[Available records — start]

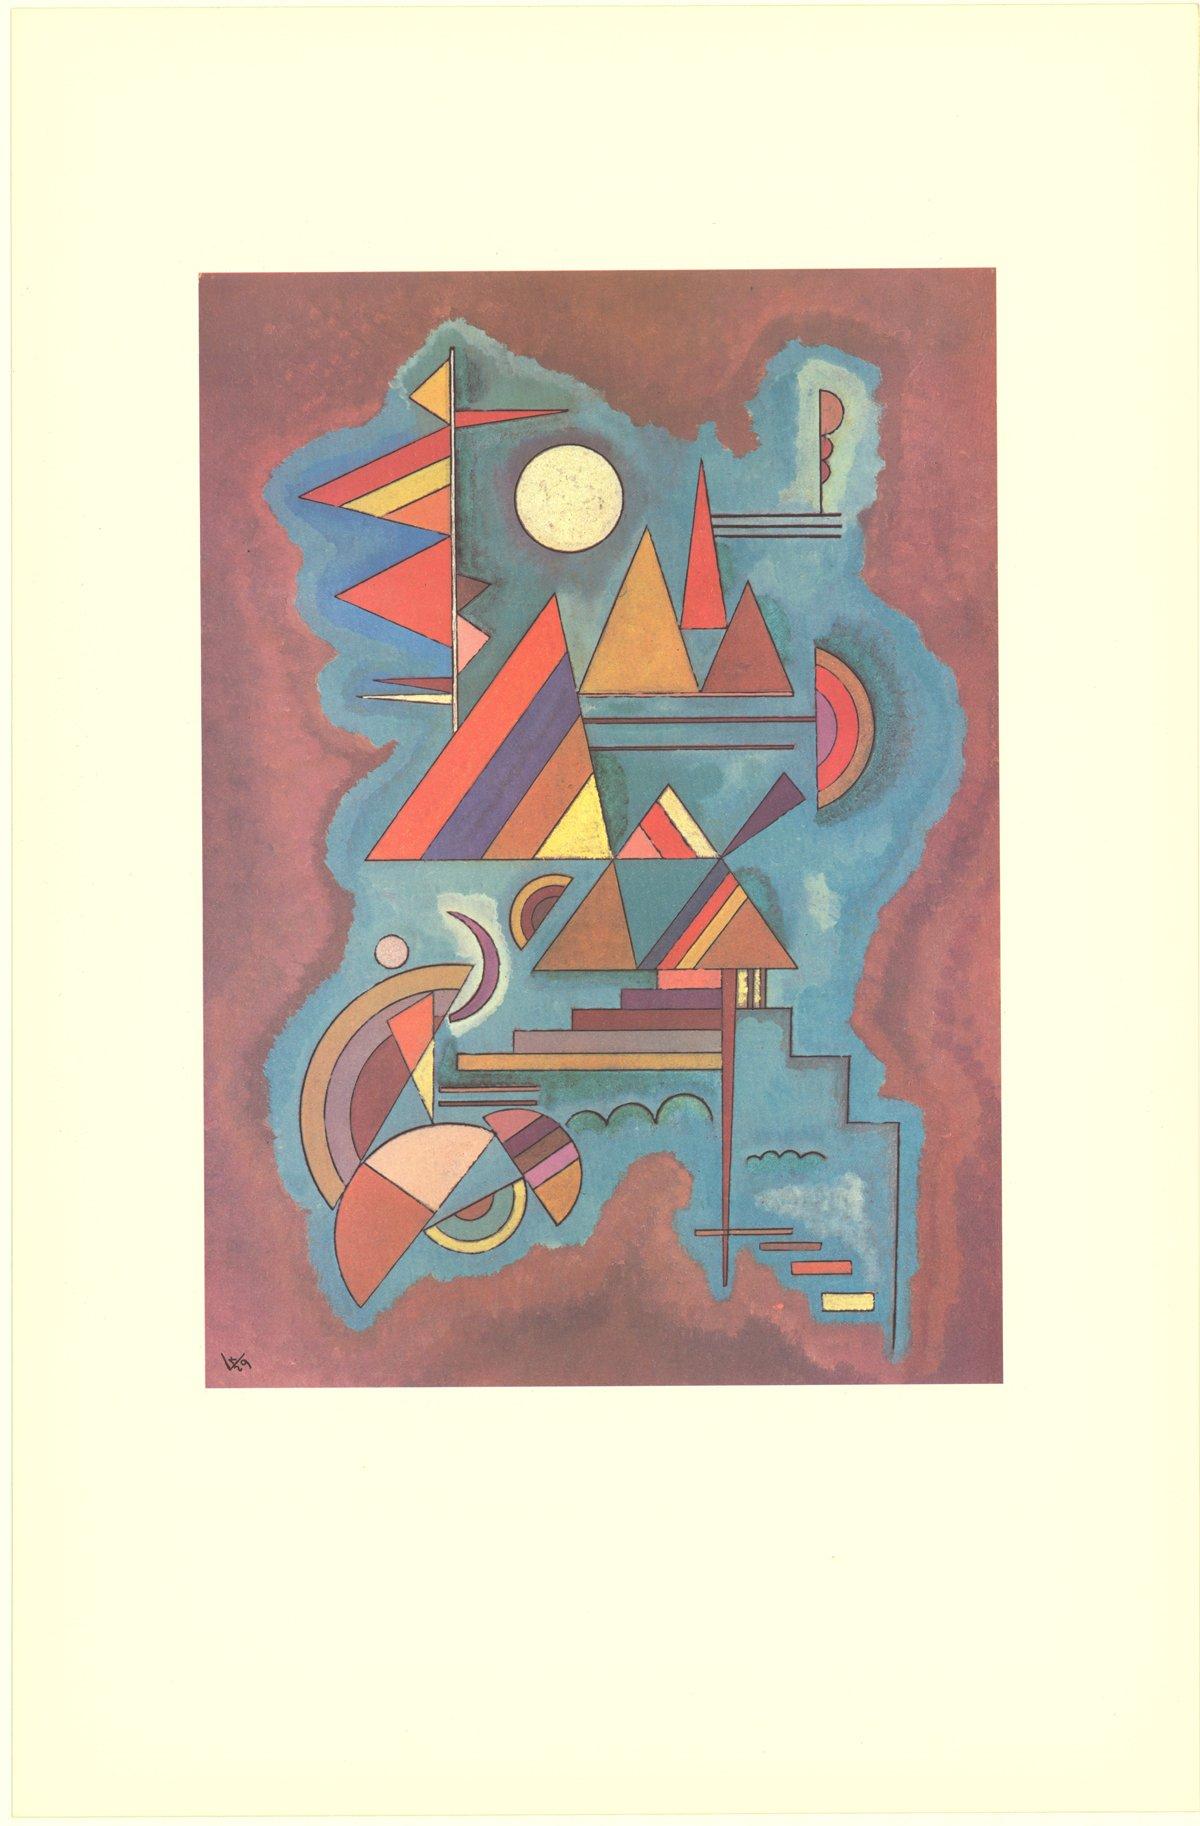 Paper Size: 22.25 x 15.75 inches ( 56.515 x 40.005 cm )
 Image Size: 13.75 x 10 inches ( 34.925 x 25.4 cm )
 Framed: No
 Condition: A: Mint
 
 Additional Details: Colorful composition of shapes with sharp lines that appear softened by the
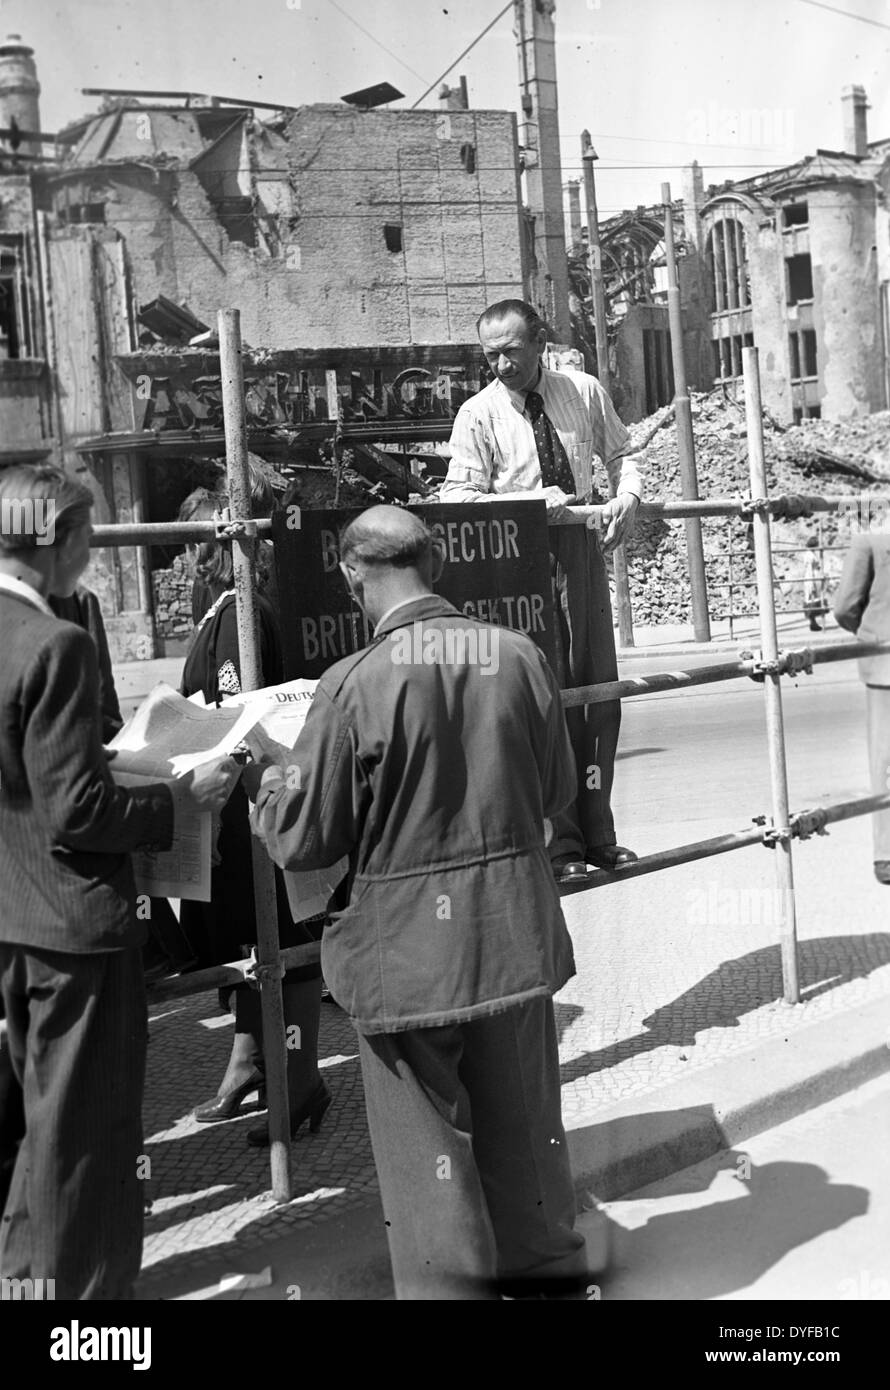 The end of the Berlin Blockade - West Berlin citizens are reading about the announced lifting of the Berlin Blockade in the daily news, at the border between the British and the Soviet Sector at Potsdam Square. Stock Photo
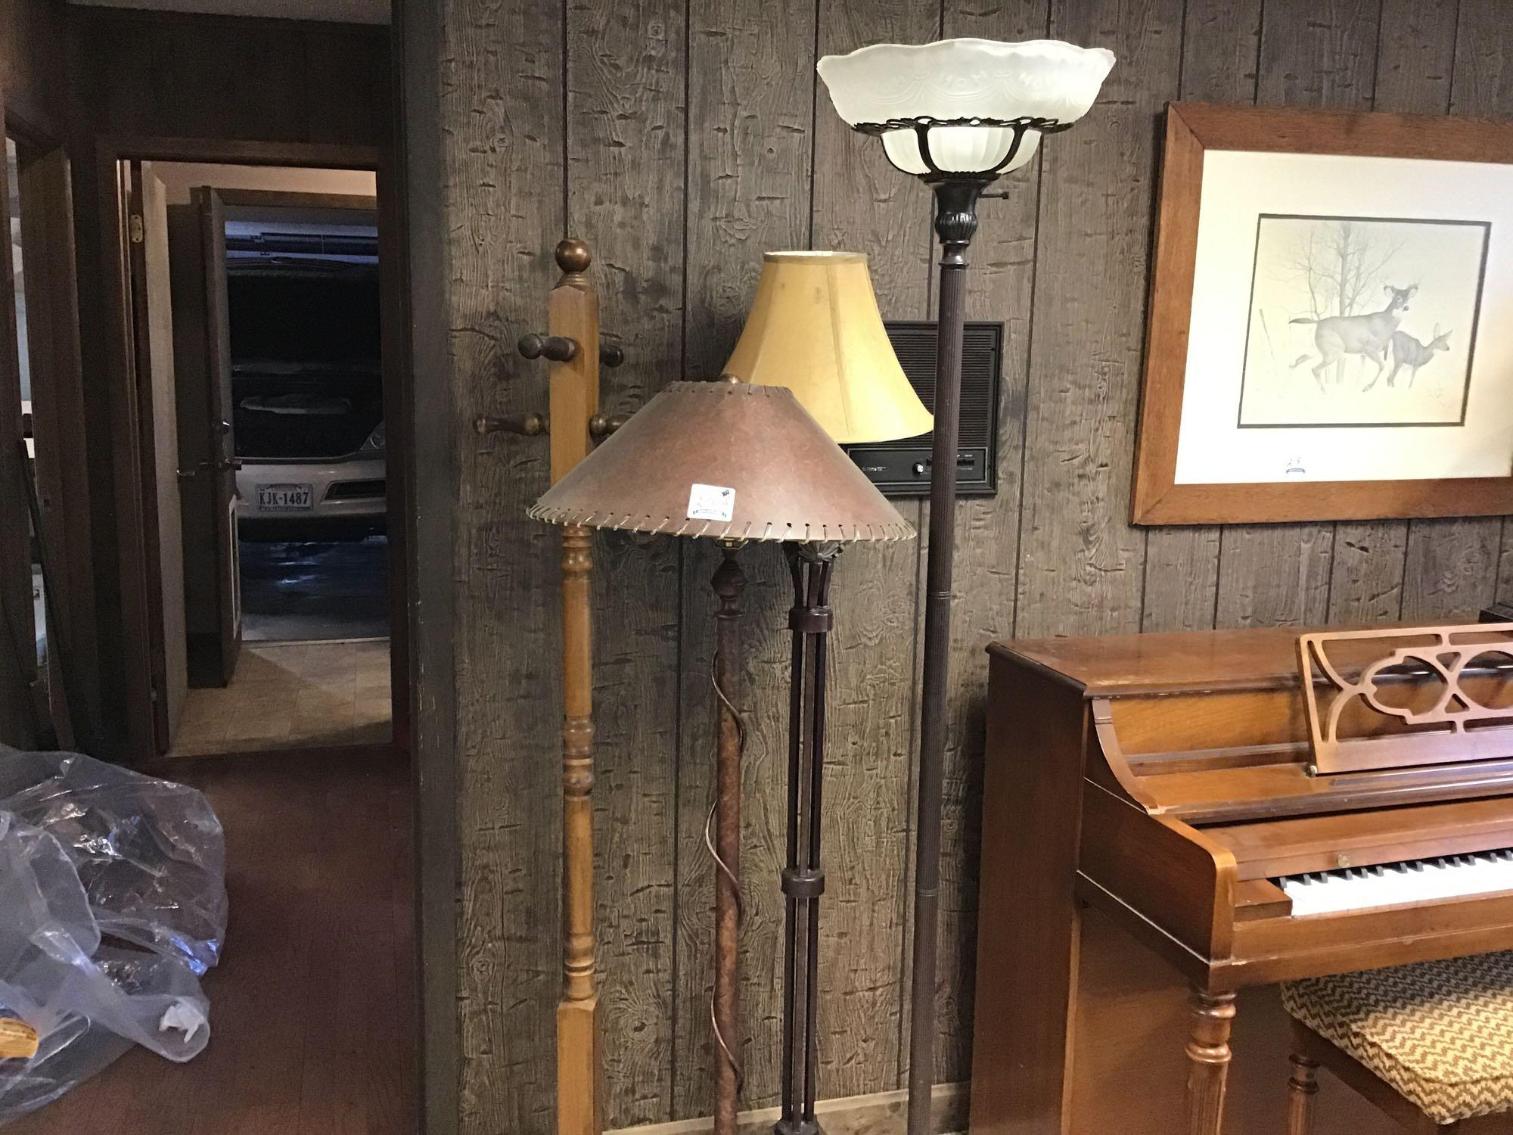 Image for Floor Lamps and Coat Rack
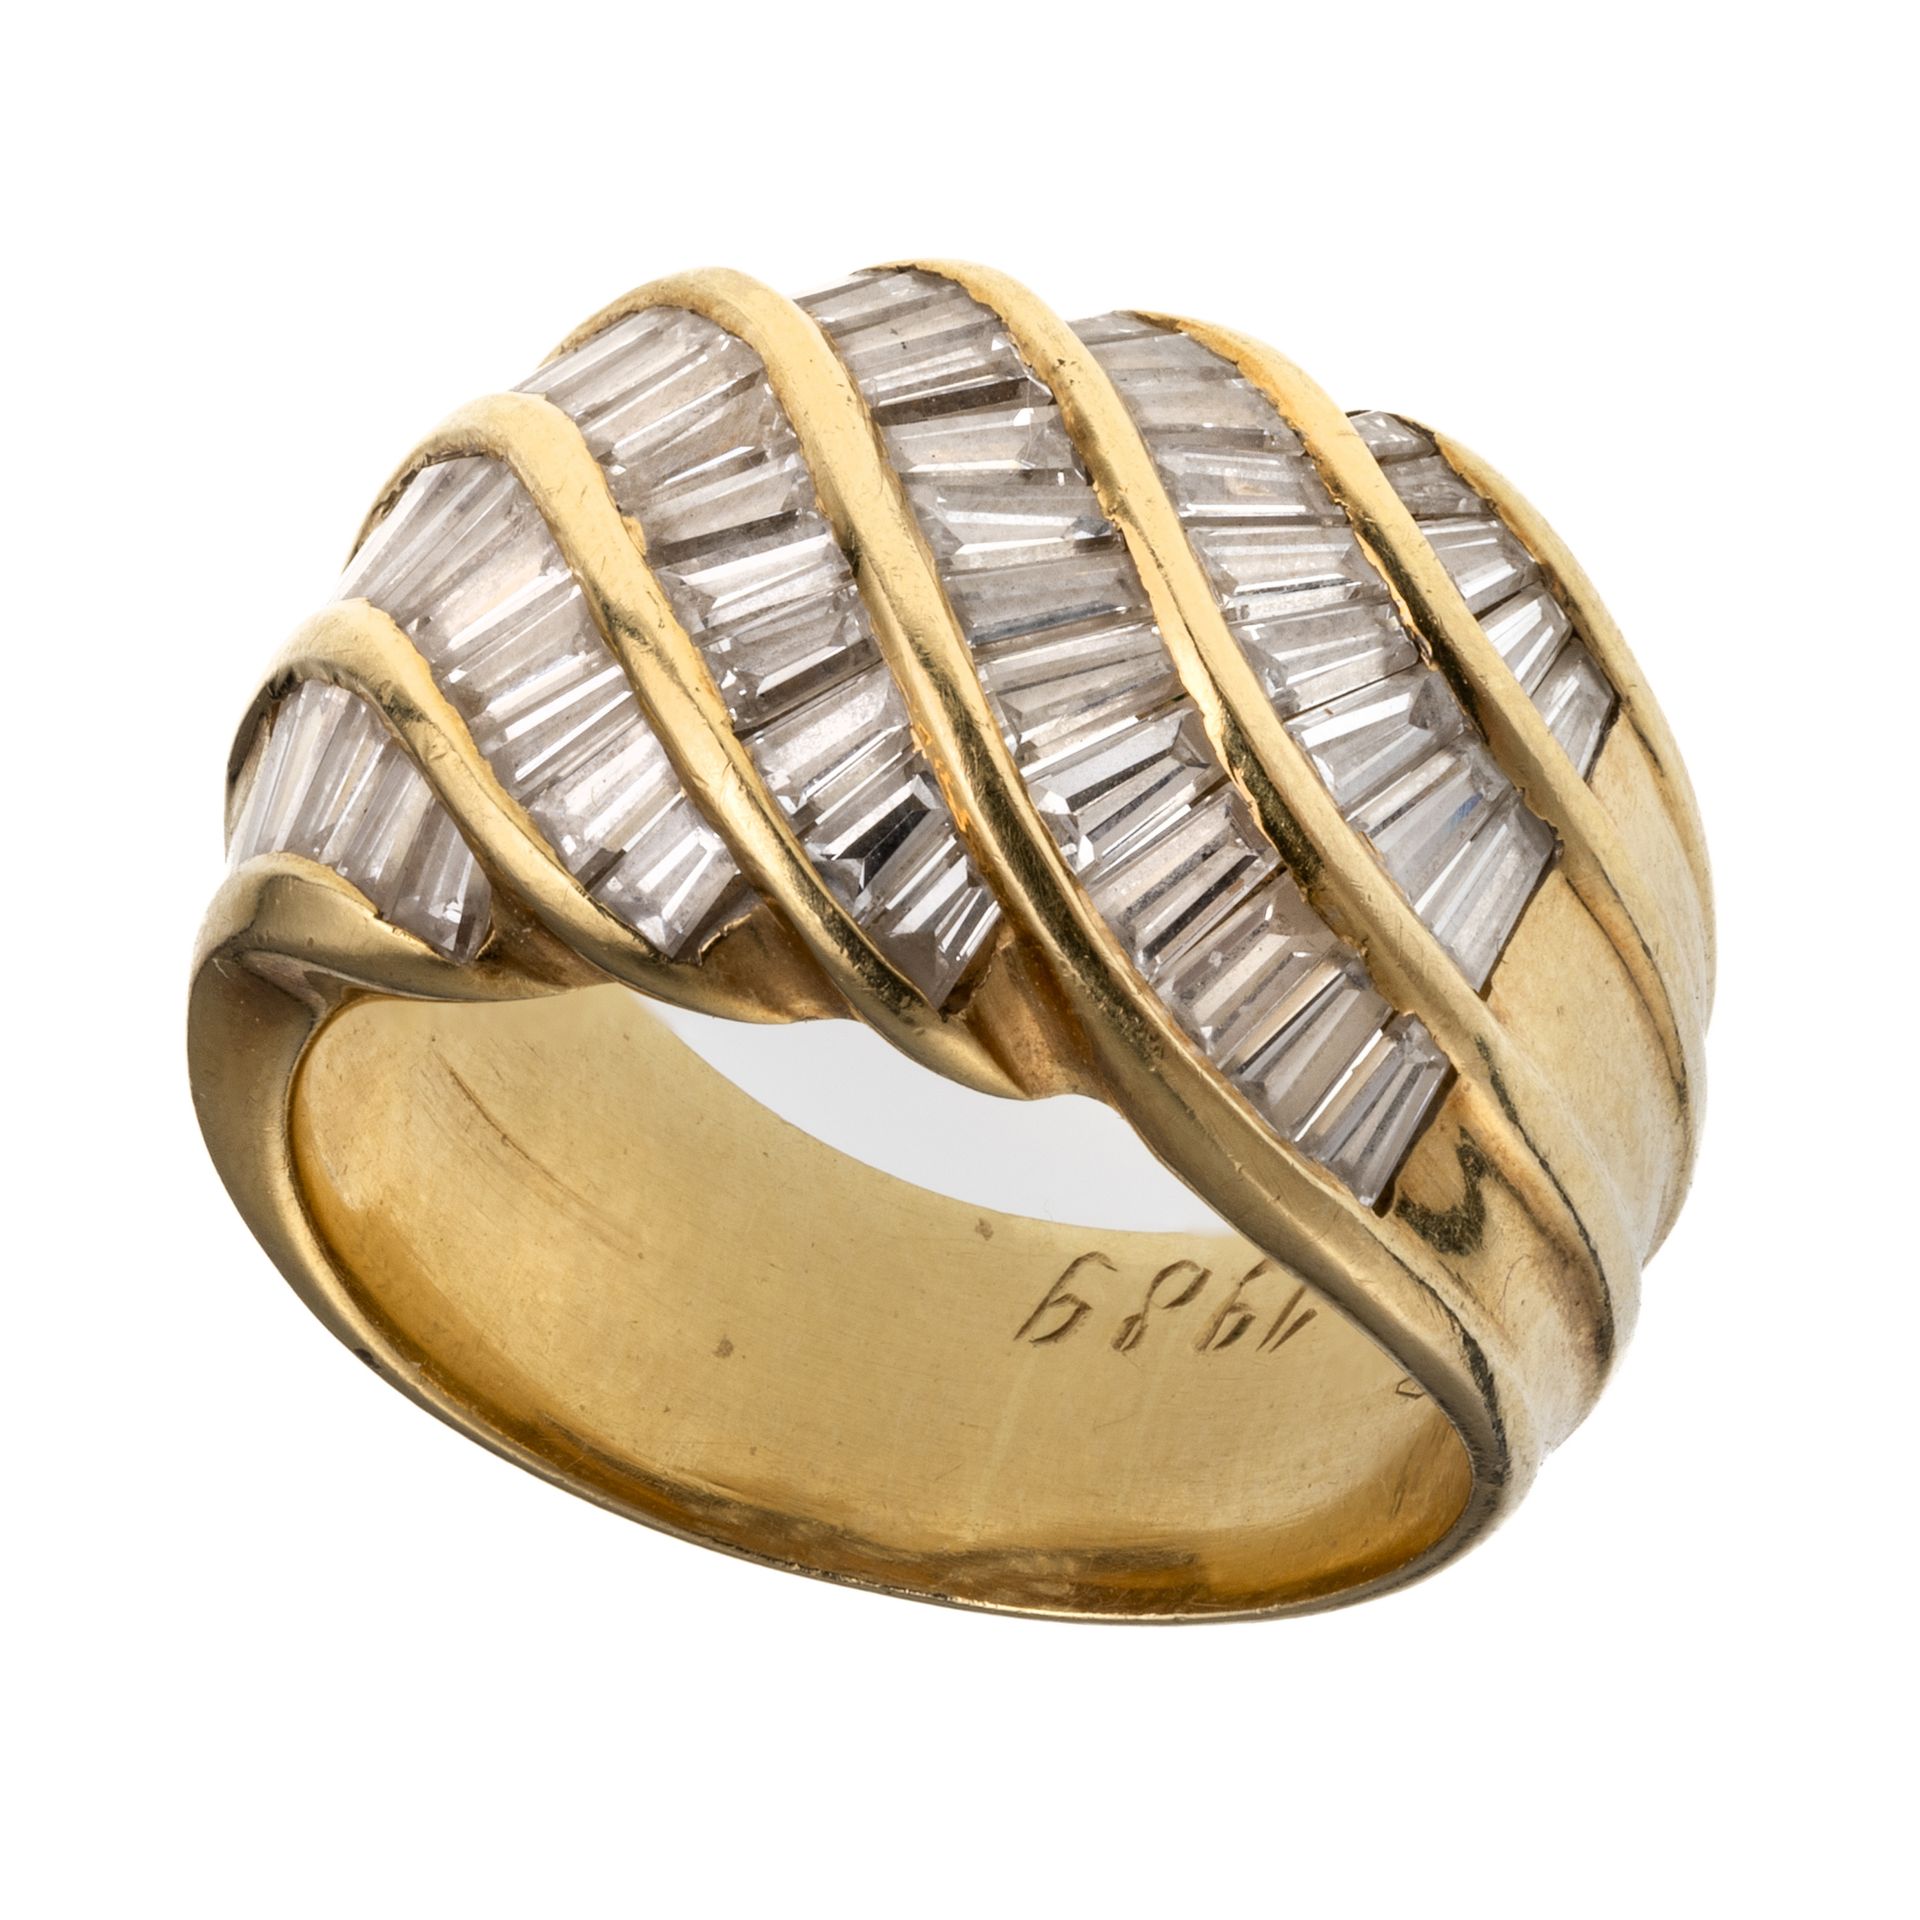 GOLD RING WITH DIAMONDS

[Available records — finish]

▶ [Task prompt]: Look above for the line containing "Image for Floor Lamps and Coat Rack", then retype it and each line after it to the end of the records, exactly and without pictures.

▶ [Answer to this problem]:
 Image for Floor Lamps and Coat Rack
 GOLD RING WITH DIAMONDS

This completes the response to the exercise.